ZR: What does Rilwan’s disappearance say about peace and security in the Maldives?

AE: There is no peace and security for anyone. When I go for my daily walk, I am scared. But Allah has ordered us to keep in good health. That is why I go, even though I am quite old now. I go alone, I walk all around Malé. Sometimes I look back in fear. Before this, I was never afraid. I am afraid now.

I feel as if I am being followed, because I am looking for my son. For a time, I did not go for my walk, but then I thought to myself, I must not stay at home. If I must die, I will die. It is not wise to hide, to stop my work for fear of death.

ZR: There have been over 33 deaths in the past seven years. Many families have lost their sons and daughters. What is your message to them?

AE: To families who have suffered injustice, I want to say, why do you remain silent when your children have been murdered? Who are you afraid of? Your government? Allah? Do not fear.
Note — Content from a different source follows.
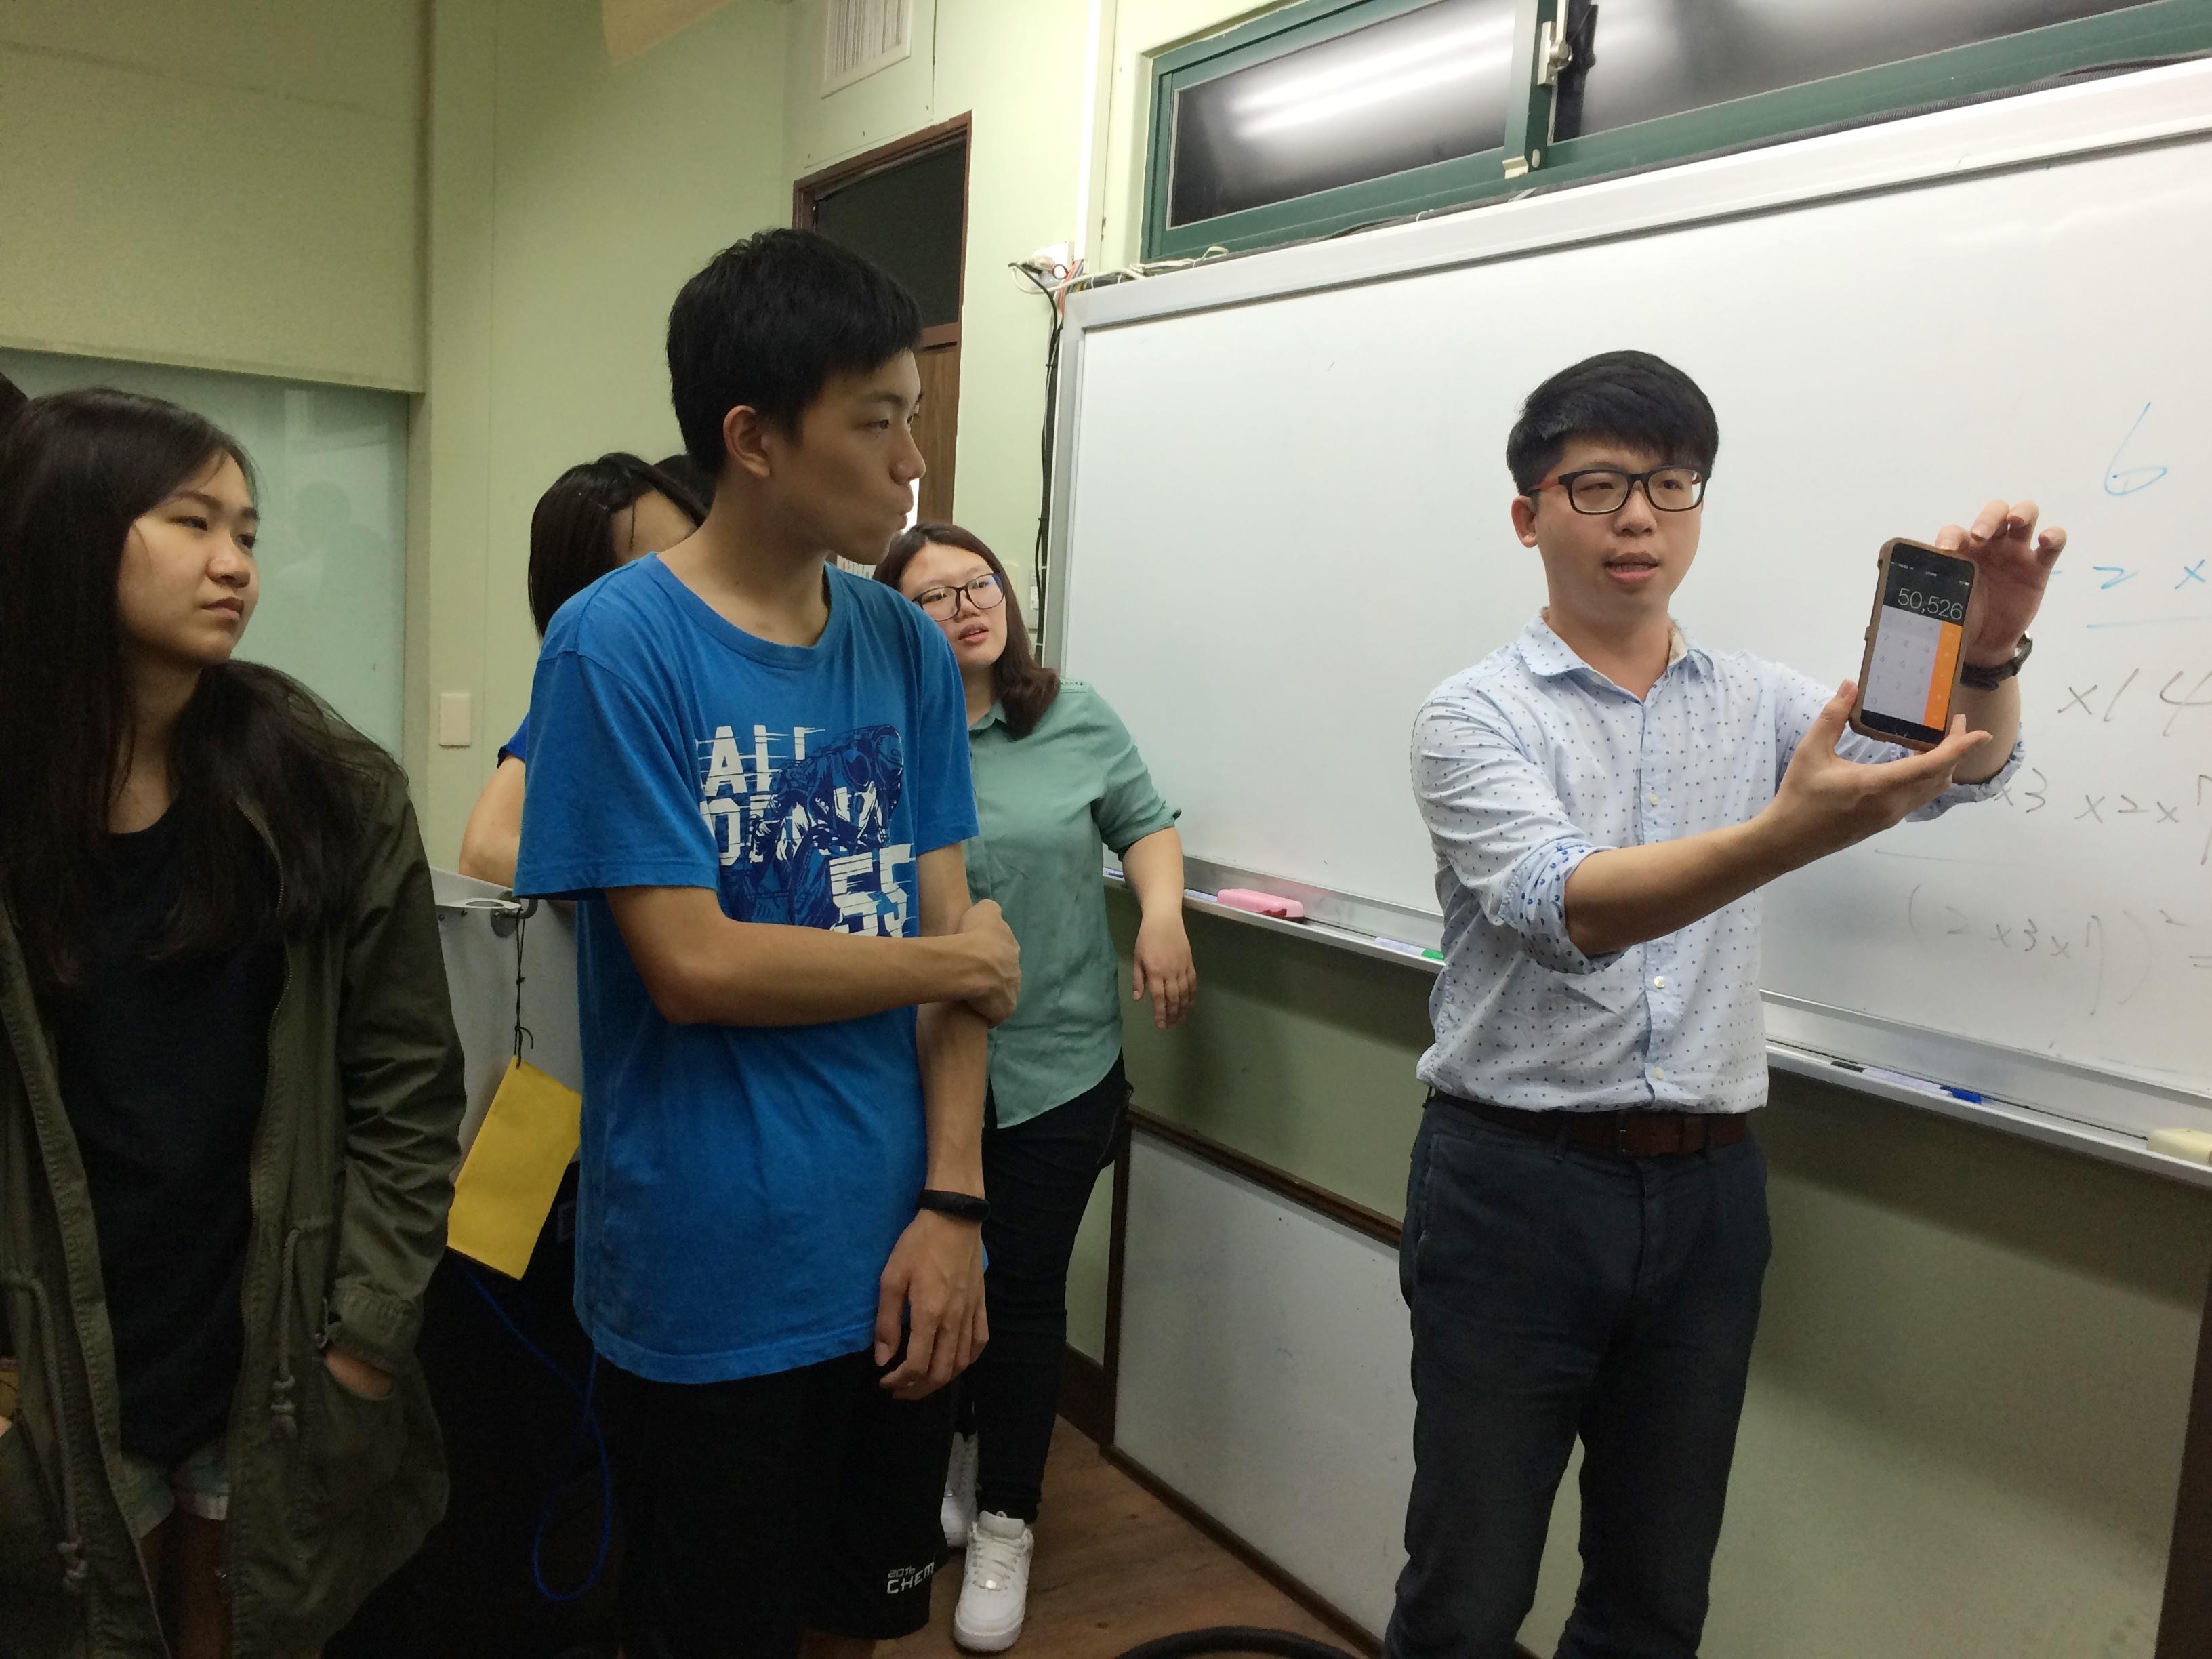 通稿照片3-莊惟棟老師(右一)說明手機計算機預言魔術,是應用質因數分解概念。.JPG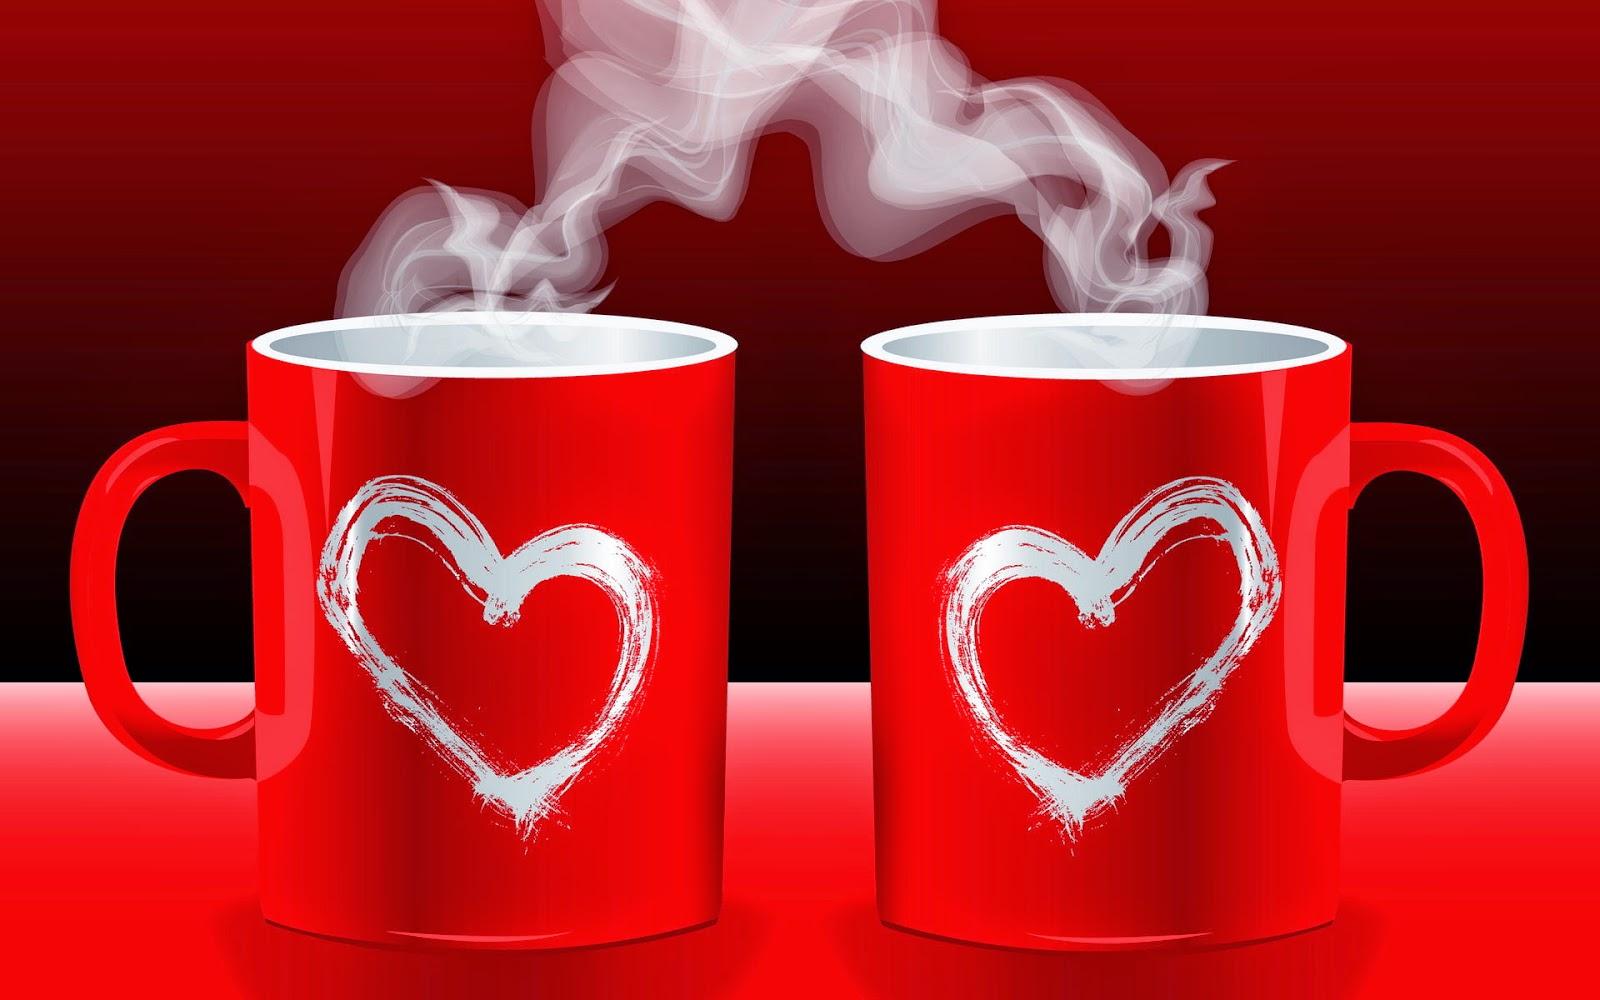 tải hình nền valentine day

Allah has ordered us to keep trying, to continue in the face of hardship.

My son has been disappeared, and I will do all I can, without rest, to find him. Your sons have been killed. If you remain silent, another’s son will be killed. And this cycle will go on. If families had demanded justice with the first killing, we would not be where we are today. Every day, there are more knifings, more death. These families who have suffered, they are afraid to stand up, they fear our leaders.

We were not allowed to speak our minds before, and I am afraid the same day has returned. My heart does not say my son is dead. But everyone else believes he is dead. He can only come back when those who have him release him.

Friends and family of Rilwan will gather outside of the Hulhumalé ferry terminal, in Malé, this afternoon at 4:30 to celebrate his 29th birthday. All are invited to come and write a message for Rilwan on the 163rd day since his disappearance.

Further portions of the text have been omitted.